Rien ne peut égaler l’amour qu’elle porte pour la robotique. Kaltouma Patric Merveille est l’étoile montante dont le Tchad peut compter pour se lancer sur le chemin de la haute technologie. Le portrait de la coach de l’équipe tchadienne de First Global Challenge.  

Si jamais elle est portée disparu, ne la cherchez pas loin. Elle serait certainement cachée dans le laboratoire de Wenaklabs pour réfléchir à la conception d’un robot. Chez elle, pas de temps à perdre. Sa distraction, ce sont ses capteurs et tournevis. Mais aussi, la transmission.

Après un court séjour à Sarh, elle débarque à N’Djamena pour préparer ‘’Novembre Numérique’’. Période pendant laquelle elle partage ses connaissances avec les geeks de la capitale.

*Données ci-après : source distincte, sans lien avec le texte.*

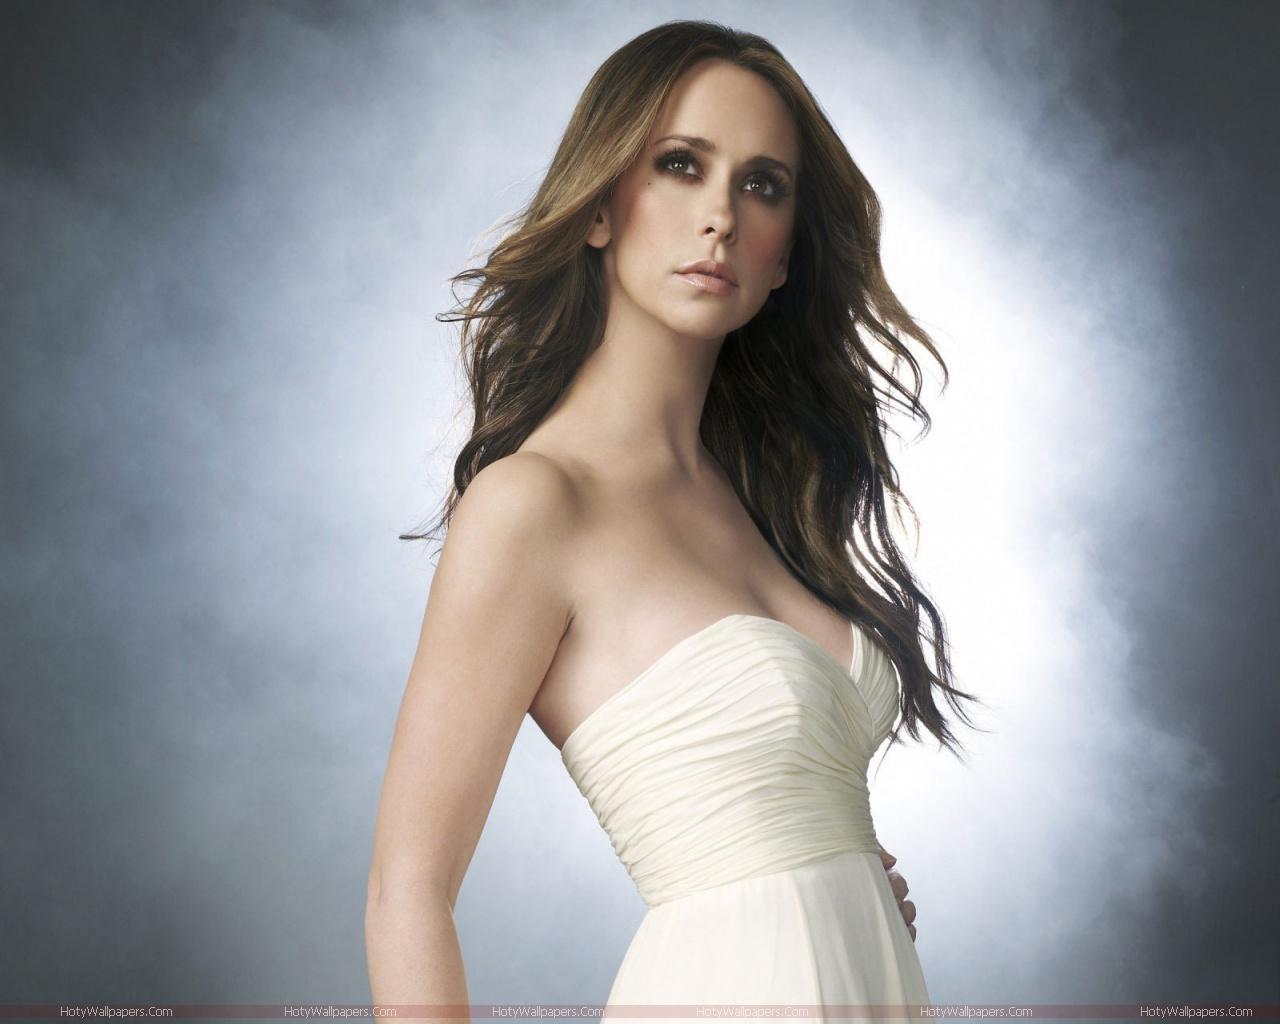 http://2.bp.blogspot.com/-bJwEMQb9zz4/TmjW-pKxZpI/AAAAAAAAKs0/8e7jBukStWw/s1600/Jennifer_Love_Hewitt_HD_Wallpaper.jpg

Un vendredi, soleil au zénith, derrière une moto, Merveille honore un rendez-vous pris la veille. Lunette carrée sur un visage rond, tee-shirt à manche courte, basket aux pieds et un sac à main contenant son ordinateur. La ressemblance est nette avec les génies de la Silicon Valley.

Cette fille âgée de 22 ans est surnommée la ‘’bagarreuse’’ par ses camarades non pas pour sa bestialité mais pour son courage à affronter la complexité de la science. « Dès mon jeune âge, j’aime tout ce qui est embarqué, tout ce qui concerne la création, l’automatisme… » dit-elle. Très petite, son ‘’petit’’ grand-père l’initiait à affronter des défis en mathématique et en physique. « Ça me poussait à faire ressortir ce que j’avais en moi » poursuit-elle.

Loin de son papa, Kaltouma grandit sous le regard bienveillant de sa mère et de ses oncles. Son entourage, l’encourage à se donner la meilleure d’elle-même jusqu’à obtenir un bac scientifique en 2018. Elle opte pour le génie électrique et s’enfiche de ceux qui lui disent que c’est un métier de garçon. Trois ans plus tard, elle obtient avec brio sa licence à l’Université Charles Lwanga de Sarh, ville du sud du pays.

Mais elle refuse d’emprunter le chemin électrique. La passion pour la robotique a pris de dessus. En classe de 5ème, raconte-t-elle, elle découvre au Centre Culturel Français devenu Institut français du Tchad un documentaire sur la science-fiction. « Je suis sortie de la salle en me posant beaucoup de questions sur ce qui se cache derrière ce que j’ai vu ». Eblouie et depuis ce jour, la jeune fille ne rêve que de devenir une spécialiste de la robotique.

Curiosité, discipline, travail sont ses maitres mots. Aujourd’hui, elle est responsable des machines, formatrice et accompagnatrice des projets innovants du numérique au FabLab de Wenaklabs, l’un des plus importants incubateurs du pays. « J’ai été retenue plusieurs fois pour un stage et même un emploi dans une société d’électricité mais je me sens à l’aise à Wenaklabs » balance-t-elle avec un petit sourire. Sous ses auspices, l’équipe tchadienne de ‘’First Global’’ a occupé la 5ᵉ position sur 191 pays qualifiée pour les playoff de la compétition flottant ainsi le drapeau tricolore.

Son sérieux lui a valu d’être choisie comme mentor de l’équipe du Tchad à la compétition internationale de robotique ‘’First Global Challeng’’ pour l’édition 2023 qui s’est tenue à Singapour. « Tout ce qui concerne le projet First Global cette année c’était moi qui gérais. La sélection des enfants, la formation… Transformer des enfants qui ne connaissent rien de la technologie à des enfants qui sont aujourd’hui capables de réaliser des robots. C’est quand même une fierté » se réjouit-elle.

Outre l’électronique et la robotique, la bagarreuse est aussi designer, conceptrice, décoratrice évènementielle…

Actuellement, Merveille réfléchit sur un projet en rapport avec les Objectifs de Développement Durable qui consiste à propulser les jeunes filles dans le domaine des STM (Science-Technologie-Ingénierie-Mathématiques). Sauf qu’elle regrette le manque d’efforts dont font preuve la plupart des femmes tchadiennes malgré , selon elle, les multiples opportunités qui s’offrent à elles. « Une fille au lieu d’utiliser les réseaux sociaux pour s’instruire en s’abonnant à des pages et comptes intéressants, elle préfère passer son temps sur tiktok ou s’exhiber » regrette-t-elle.

Ce vendredi-là, Kaltouma Patric Merveille ne repart plus au labo – j’ai déjà fini dit-elle – direction la maison derrière la moto.